Objective: To assess the efficacy and durability of upper airway stimulation via the hypoglossal nerve on obstructive sleep apnea (OSA) severity including objective and subjective clinical outcome measures.
Study design: A randomized controlled therapy withdrawal study.
Setting: Industry-supported multicenter academic and clinical setting.
Subjects: A consecutive cohort of 46 responders at 12 months from a prospective phase III trial of 126 implanted participants.
Methods: Participants were randomized to either therapy maintenance ("ON") group or therapy withdrawal ("OFF") group for a minimum of 1 week. Short-term withdrawal effect as well as durability at 18 months of primary (apnea hypopnea index and oxygen desaturation index) and secondary outcomes (arousal index, oxygen desaturation metrics, Epworth Sleepiness Scale, Functional Outcomes of Sleep Questionnaire, snoring, and blood pressure) were assessed.

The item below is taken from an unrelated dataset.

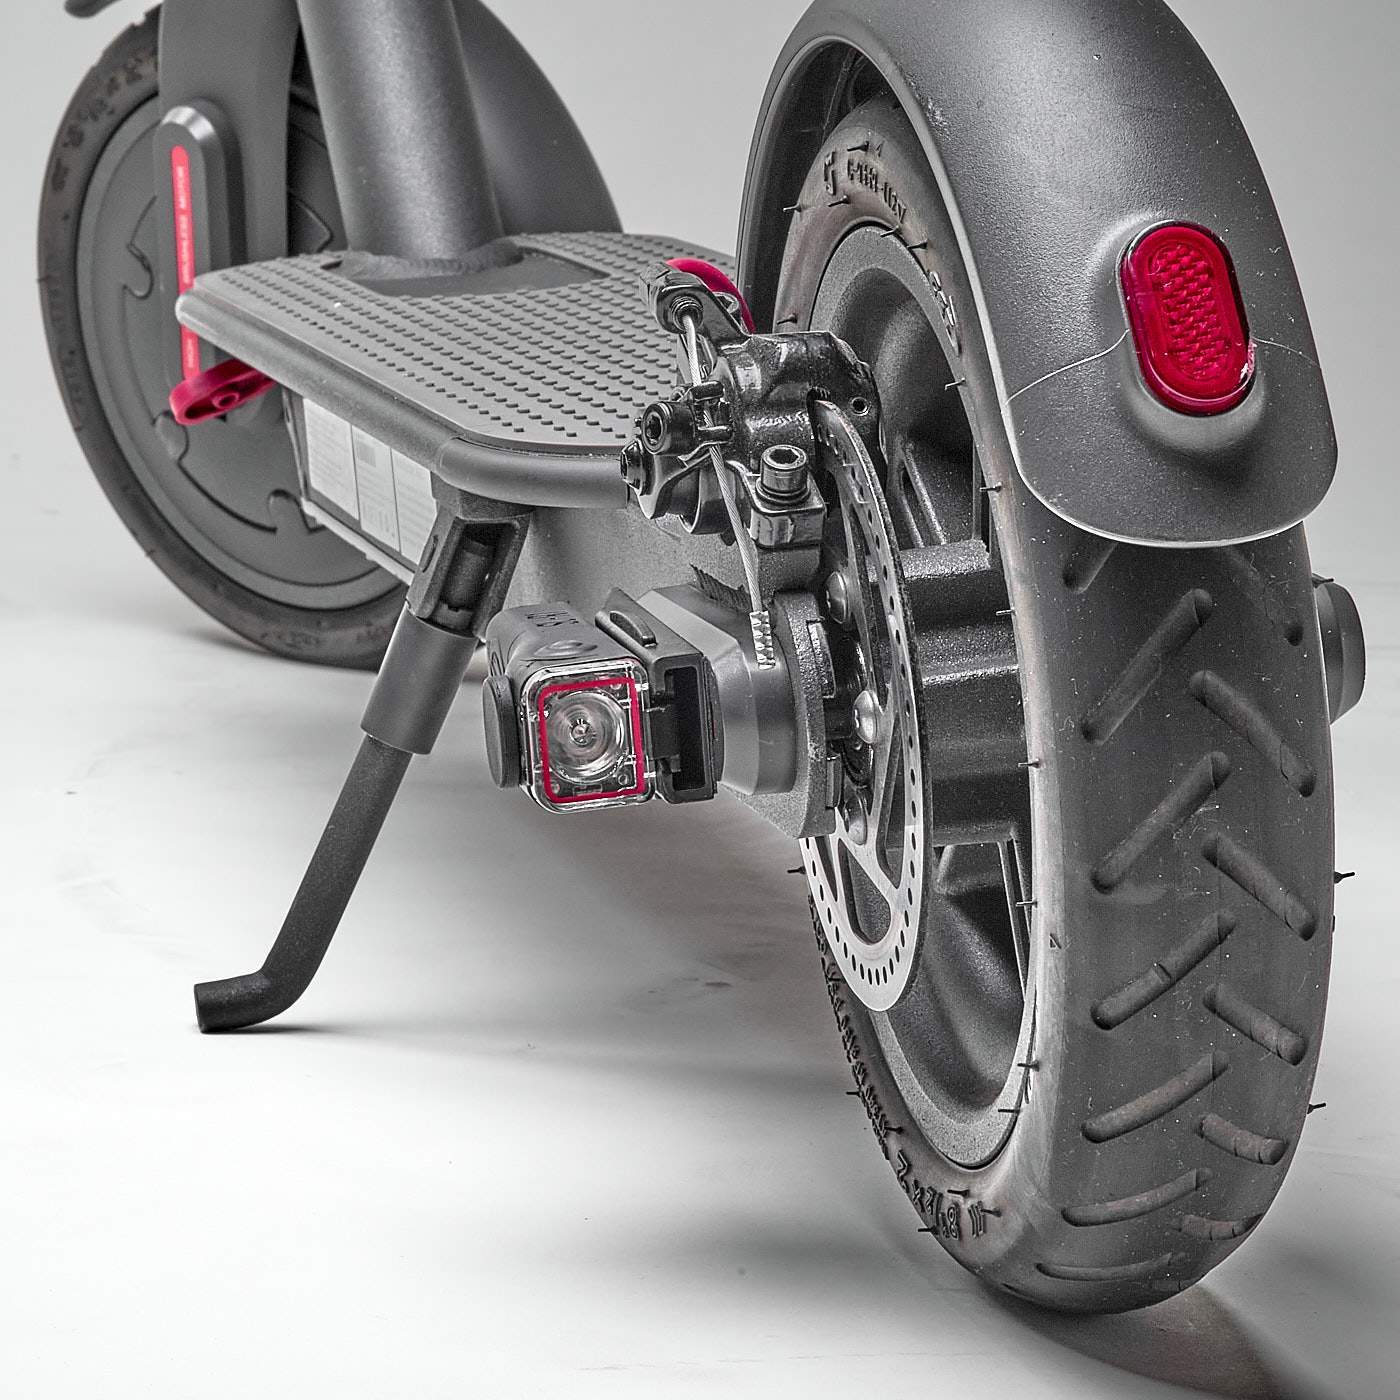 SL-300/R1 Scooter Combo Pack

Results: Both therapy withdrawal group and maintenance group demonstrated significant improvements in outcomes at 12 months compared to study baseline. In the randomized assessment, therapy withdrawal group returned to baseline, and therapy maintenance group demonstrated no change. At 18 months with therapy on in both groups, all objective respiratory and subjective outcome measures showed sustained improvement similar to those observed at 12 months.

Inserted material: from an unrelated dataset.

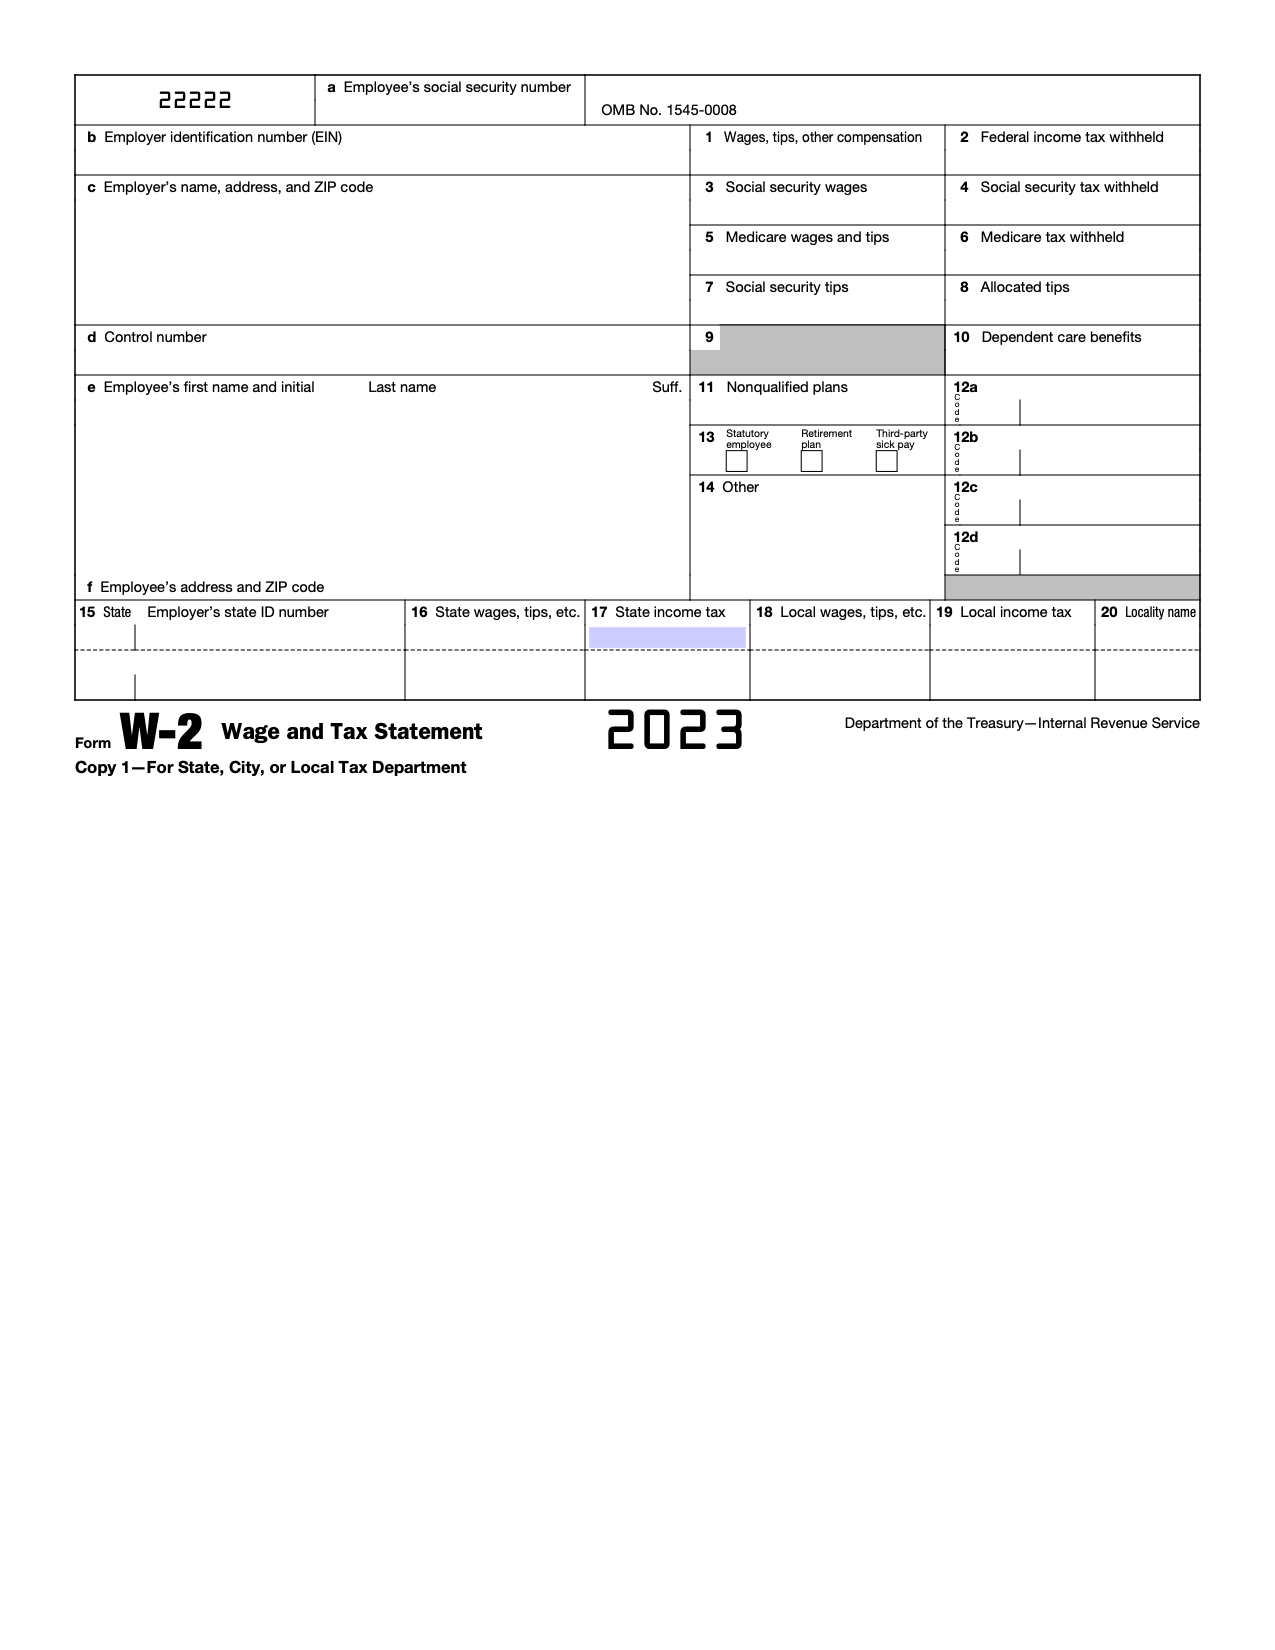 Free Irs Form W-2 | Wage And Tax Statement - Pdf – Eforms for Printable W2 Form

Conclusion: Withdrawal of therapeutic upper airway stimulation results in worsening of both objective and subjective measures of sleep and breathing, which when resumed results in sustained effect at 18 months. Reduction of obstructive sleep apnea severity and improvement of quality of life were attributed directly to the effects of the electrical stimulation of the hypoglossal nerve.
Keywords: OSA; hypoglossal nerve; obstructive sleep apnea; randomized controlled trial; sleep; sleep apnea; surgery; treatment; upper airway stimulation.
© American Academy of Otolaryngology-Head and Neck Surgery Foundation 2014.